◆ Action item
Leaving the pictures aside, repeat every line below exactly.

======== Dataset excerpt

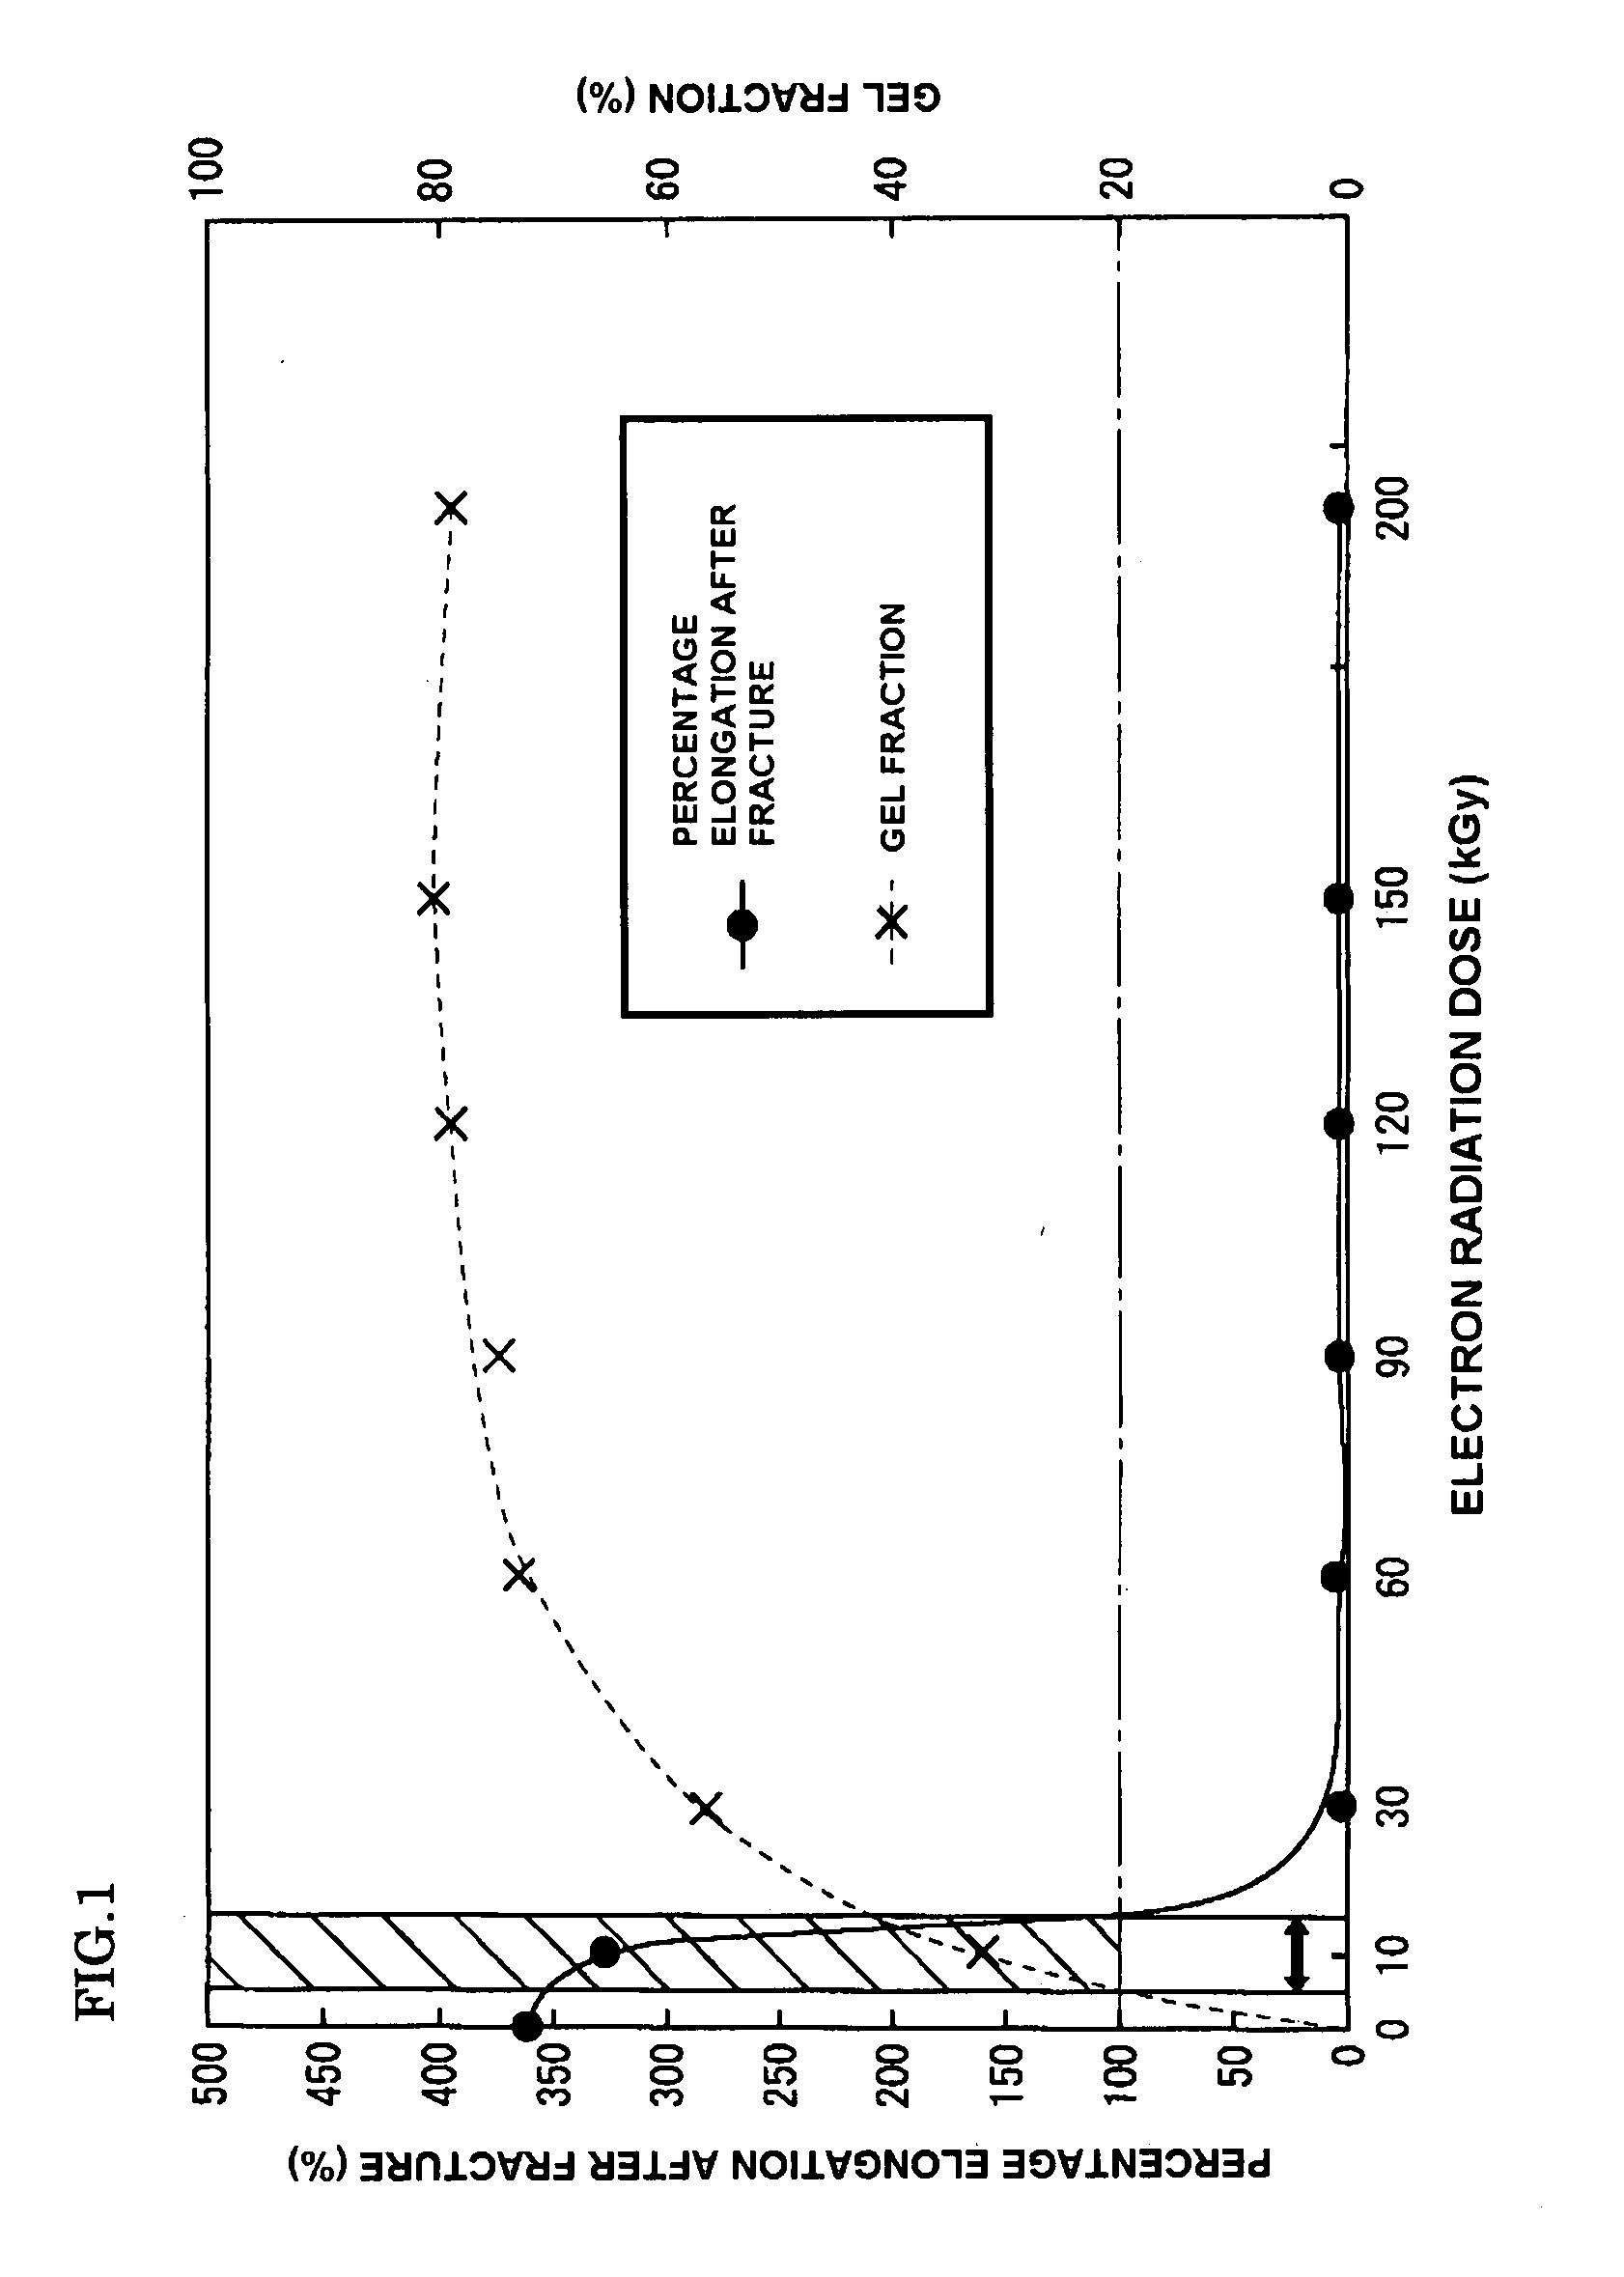 Process for Producing Cross-Linked Material of Polylactic Acid and Cross-Linked Material of Polylactic Acid
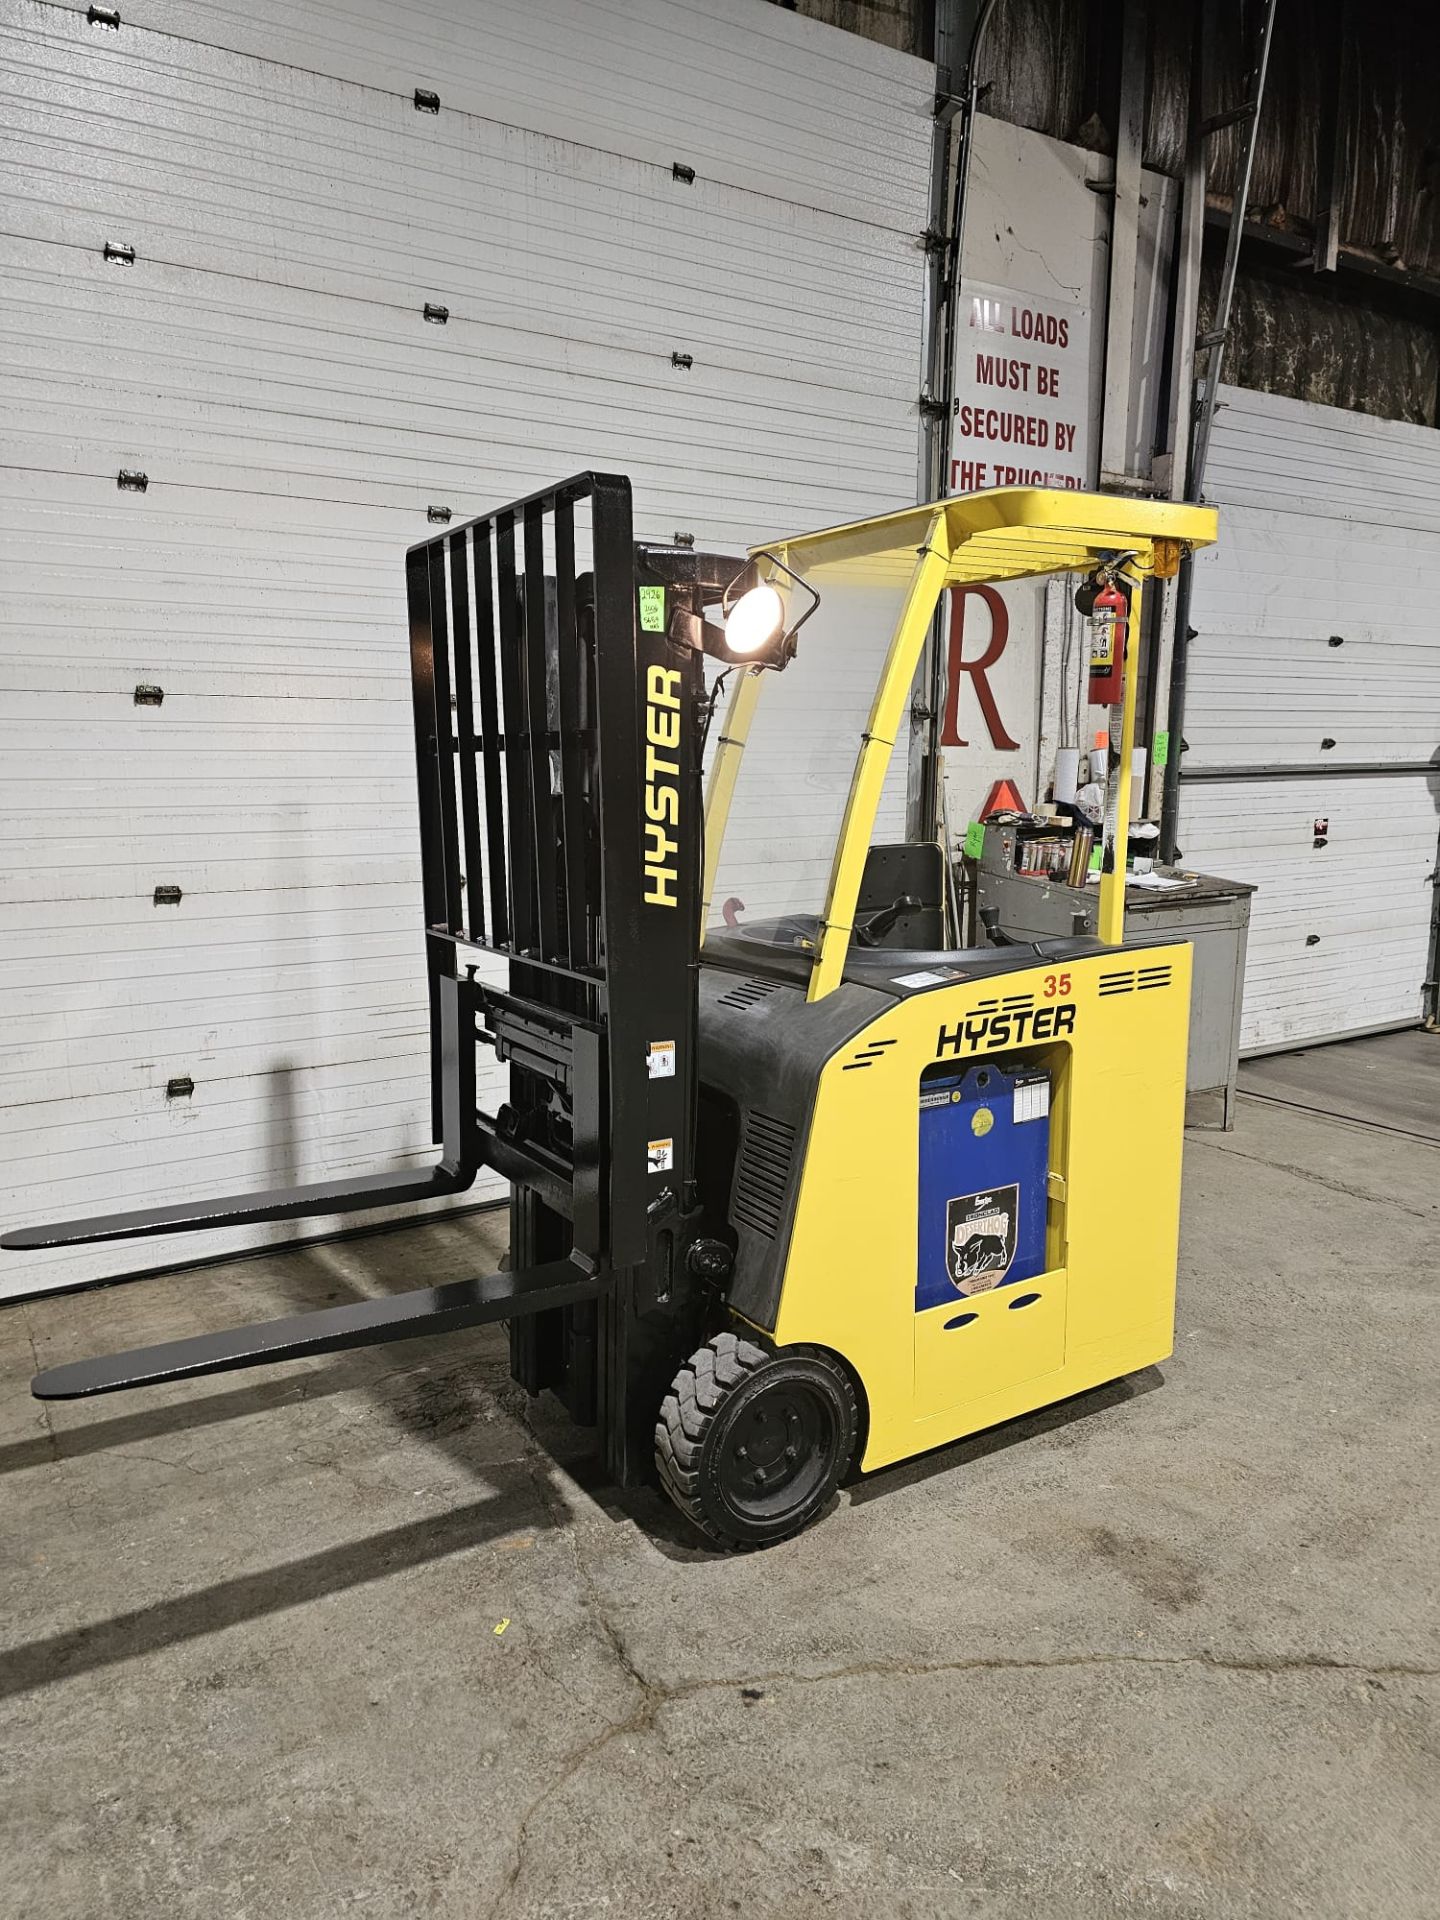 2006 Hyster 3,500lbs Capacity Electric Stand On Forklift 3-STAGE MAST 36V with sideshift & Tires - Image 2 of 8
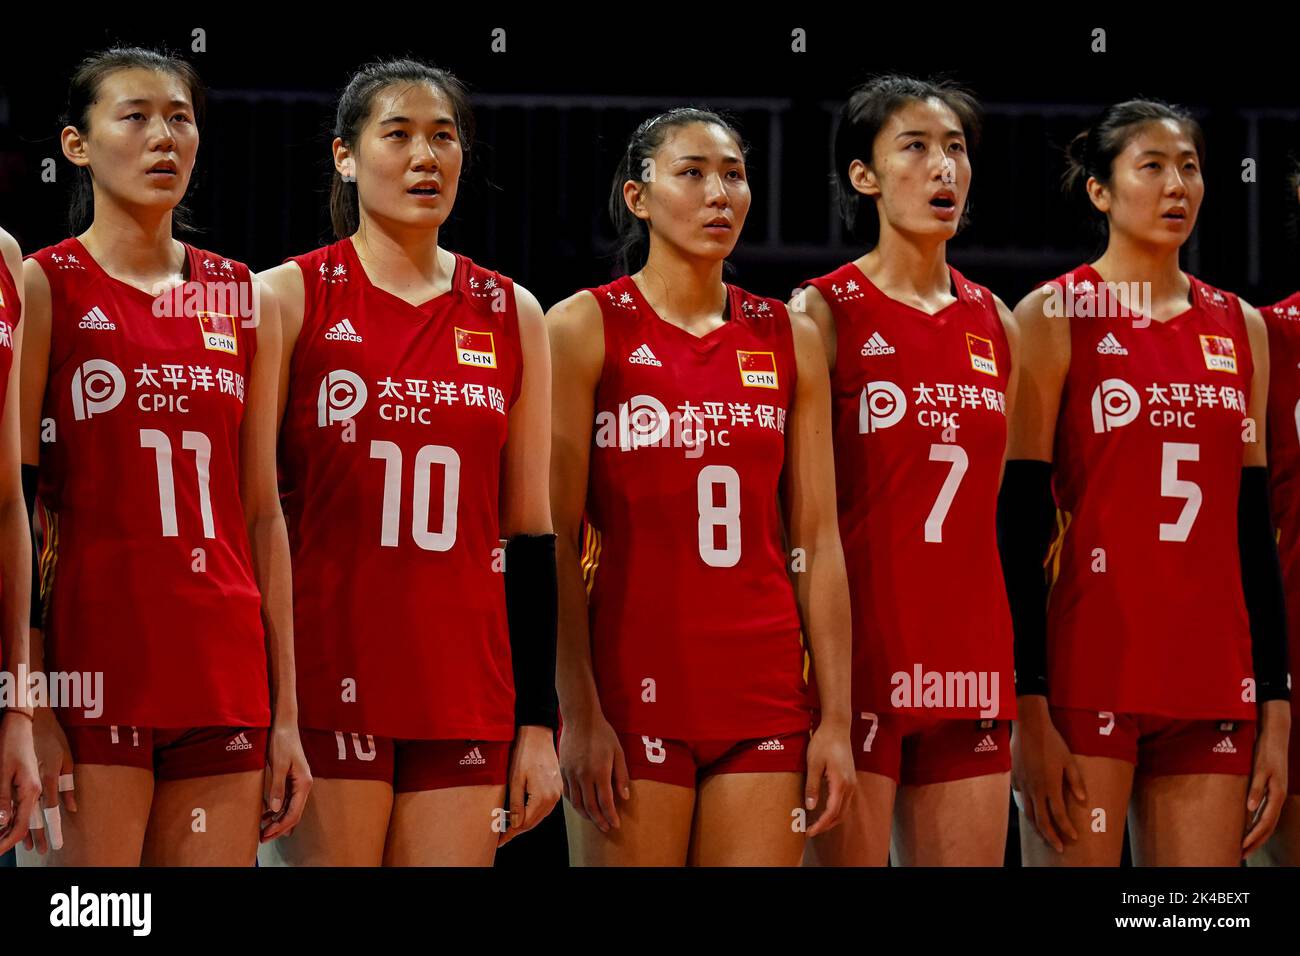 ARNHEM, NETHERLANDS - SEPTEMBER 25: Yizhu Wang of China, Yunlu Wang of China, Ye Jin of China, Yi Gao of China and Yuanyuan Wang of China line up for the national anthem during the Pool D Phase 1 match between China and Argentina on Day 3 of the FIVB Volleyball Womens World Championship 2022 at the Gelredome on September 25, 2022 in Arnhem, Netherlands (Photo by Rene Nijhuis/Orange Pictures) Stock Photo

================

◆ Answer for the task
 Process for Producing Cross-Linked Material of Polylactic Acid and Cross-Linked Material of Polylactic Acid
 2006 Hyster 3,500lbs Capacity Electric Stand On Forklift 3-STAGE MAST 36V with sideshift & Tires - Image 2 of 8
 ARNHEM, NETHERLANDS - SEPTEMBER 25: Yizhu Wang of China, Yunlu Wang of China, Ye Jin of China, Yi Gao of China and Yuanyuan Wang of China line up for the national anthem during the Pool D Phase 1 match between China and Argentina on Day 3 of the FIVB Volleyball Womens World Championship 2022 at the Gelredome on September 25, 2022 in Arnhem, Netherlands (Photo by Rene Nijhuis/Orange Pictures) Stock Photo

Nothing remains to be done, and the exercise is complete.